Kleintrebnitz (desert)

from Wikipedia, the free encyclopedia

Coordinates: 51 ° 24 ′ 10.8 "  N , 13 ° 17 ′ 59.3"  E

BW

Small Trebnitz is in the Gohrischheide located deserted village and former Vorwerk or place northeast of Strehla .

geography

The village was north of Riesa and east of Fichtenberg in today's Brandenburg district of Elbe-Elster . The state border between Saxony and Brandenburg is in the immediate vicinity of Kleintrebnitz. The place was at the former Oschatz – Niederlausitz and Hayn (Großenhain) –Mühlberg crossroads and was surrounded by the Gohrischheide forest. The desert is now part of the Zeithain community in the Meißen district . Kleintrebnitz was originally a Gutsweiler. The corridor was divided into manor blocks and narrow strips similar to that of a mine with a size of 157 hectares.

history

Kleintrebnitz was first mentioned in 1594 as Klein Trebsen, in 1791 the place was called Klein Trebnitz or Neusorge. In 1817 the place was called Klein Trebitz or Klein Dröbig, in 1875 the place was then called Kleintrebnitz. Colloquially, the place was still called the worry.

In 1594 it was said “Klein Trebsen is Taupadels”, when Balthasar von Taupadel was sitting on the Fichtenberg manor . In 1730 a Vorwerk in Kleintrebnitz is mentioned. It had the status of a hereditary and allodial property and had to provide a knight's horse. Originally the village was parish to Nieska , from 1751 to Fichtenberg. Until 1837, the Kleintrebnitz Vorwerk belonged to the Fichtenberg rule in Prussia . From 1831 to 1836, Karl Friedrich Schallehn negotiated with the Saxon State because of the purchase of the Vorwerk excluded from the Rustels (desert mark) . The 3 hereditary tithes Hoyer, Nitsche and Baum who lived in the village were compensated with land when the village was sold to the Saxon state for 25,000 on June 25, 1837. Kleintrebnitz owned two farms, a forester's house, the Hähner inn and a residential building at the station guard's house on the railway line. From 1791 the place was administered by the Grossenhain Office, from 1856 by the Grossenhain Court Office and from 1875 by the Grossenhain Office. The Saxon rural community order of 1838 gave the village independence as a rural community. In 1925, 22 inhabitants of Kleintrebnitz were Evangelical Lutheran and 1 inhabitant was Catholic . Saxons came after the Second World War in the Soviet zone of occupation and later the GDR . After the territorial reform in 1952 , Kleintrebnitz was assigned to the Riesa district in the Dresden district .
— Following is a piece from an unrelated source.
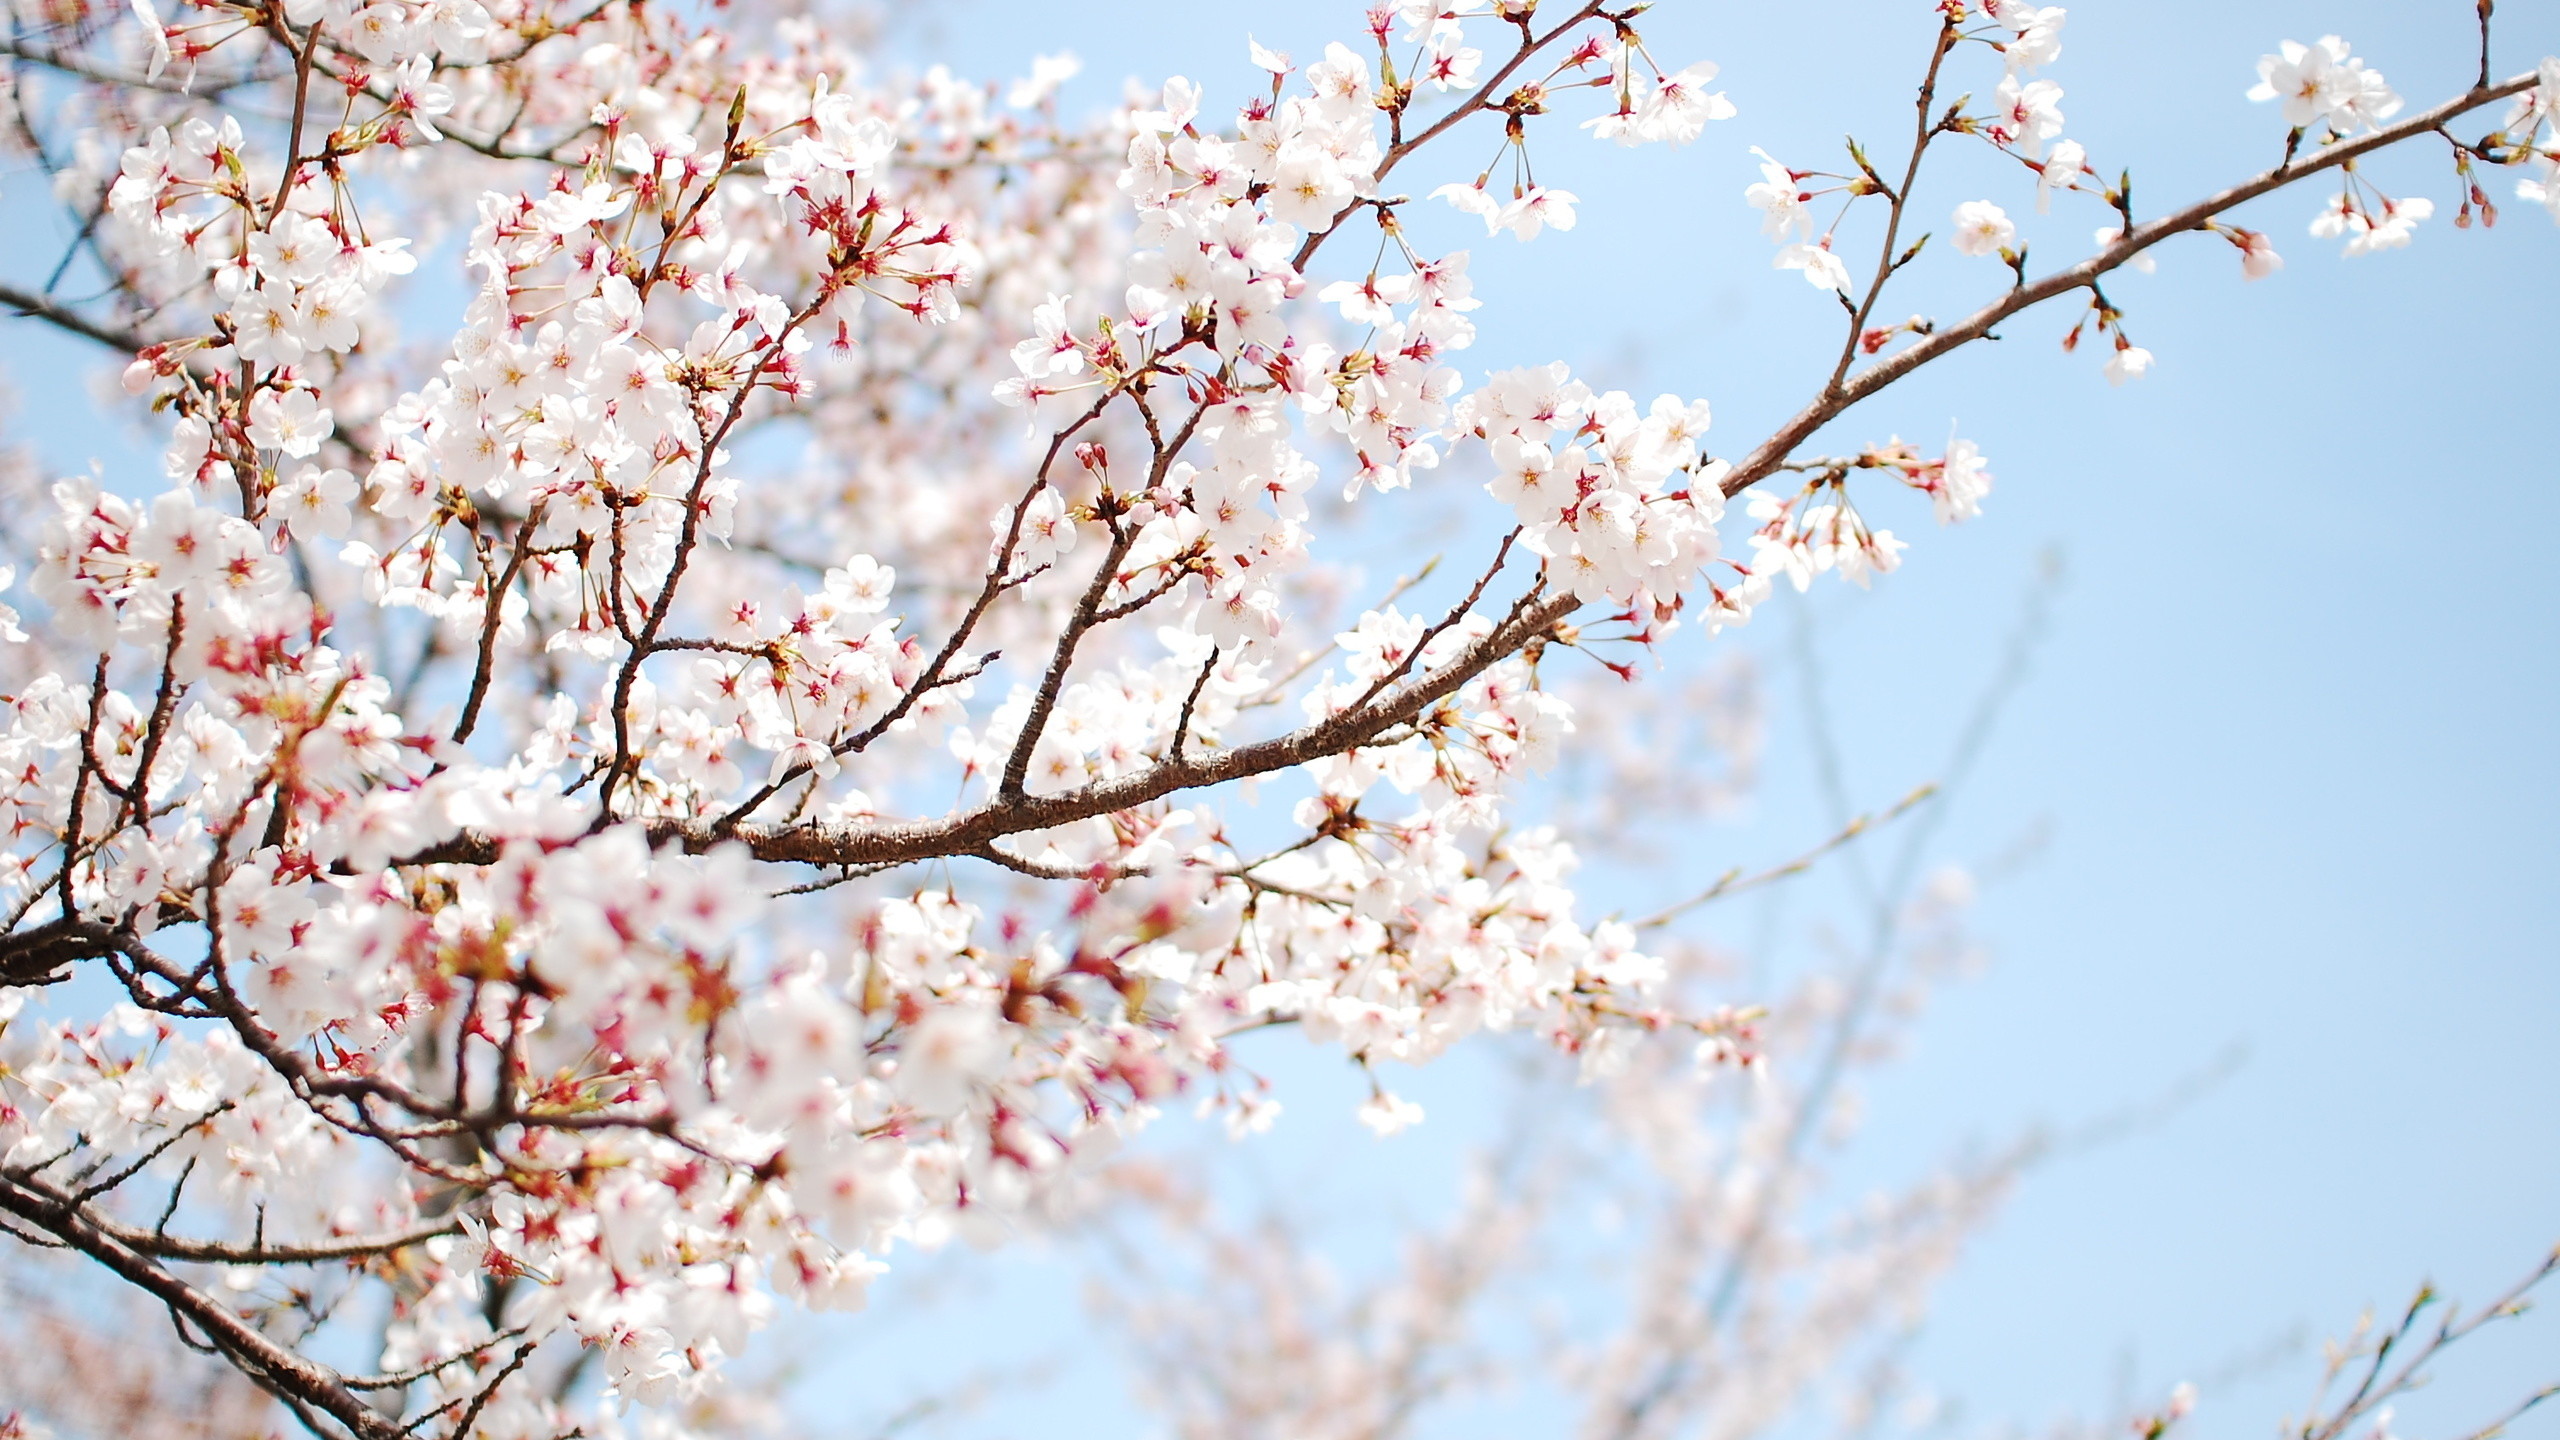 2560x1440 1000+ images about cherry blossoms on Pinterest | Nature, Spring

Since 1897 the Kleintrebnitzer Heide, part of the Gohrischer forest district, belonged to the Weißig forest area. In 1957 Kleintrebnitz was incorporated into Jacobsthal . In 1962 the northern part of the Kleintrebnitzer Forest is declared as an NVA training area. In the 1970s the place was devastated , in 1975 only the old forestry is still inhabited. At the beginning of the 1980s, the area of ​​the former village became a military training area. The desert area has belonged to Zeithain since 1994 .

Population development

Population development
year Residents year Residents
1730 4 cottagers 1933 23
1834 23 1939 18th
1871 24 1946 no information
1890 17th 1950 17th
1910 22nd 1957 Jacobsthal (Zeithain)
1925 18th 1970 → Slow devastation completed by around 1975

literature

  • Otto Mörtzsch: Kleintrebnitz . In: Historical-topographical description of the administrative authority in Großenhain . Verl. Landesverein Sächs. Heimatschutz, Dresden 1935, p. 18 ( SLUB Dresden [accessed September 4, 2017]).

Web links

Individual evidence

  1. Coordinates of the Kleintrebnitz location , on the website of the Verein für Computergenealogie, accessed on September 3, 2017.
  2. Otto Mörtzsch: Historical-Topographical Description of the Administrative Authority Grossenhain . 1st edition. Verl. Landesverein Sächs. Heimatschutz, Dresden 1935, p. 18 .
  3. History of Zeithain in the GDR , on the website of Arbeitsgemeinschaft Militärhistorik Zeithain e. V., accessed on September 3, 2017.
  4. Kleintrebnitz (Wüstung) in the Digital Historical Directory of Saxony
  5. ^ Michael Rademacher: German administrative history from the unification of the empire in 1871 to the reunification in 1990. Grossenhain district. (Online material for the dissertation, Osnabrück 2006).
  6. With the incorporation of Kleintrebnitz into Jacobsthal in 1957, only official population figures were collected for the entire community.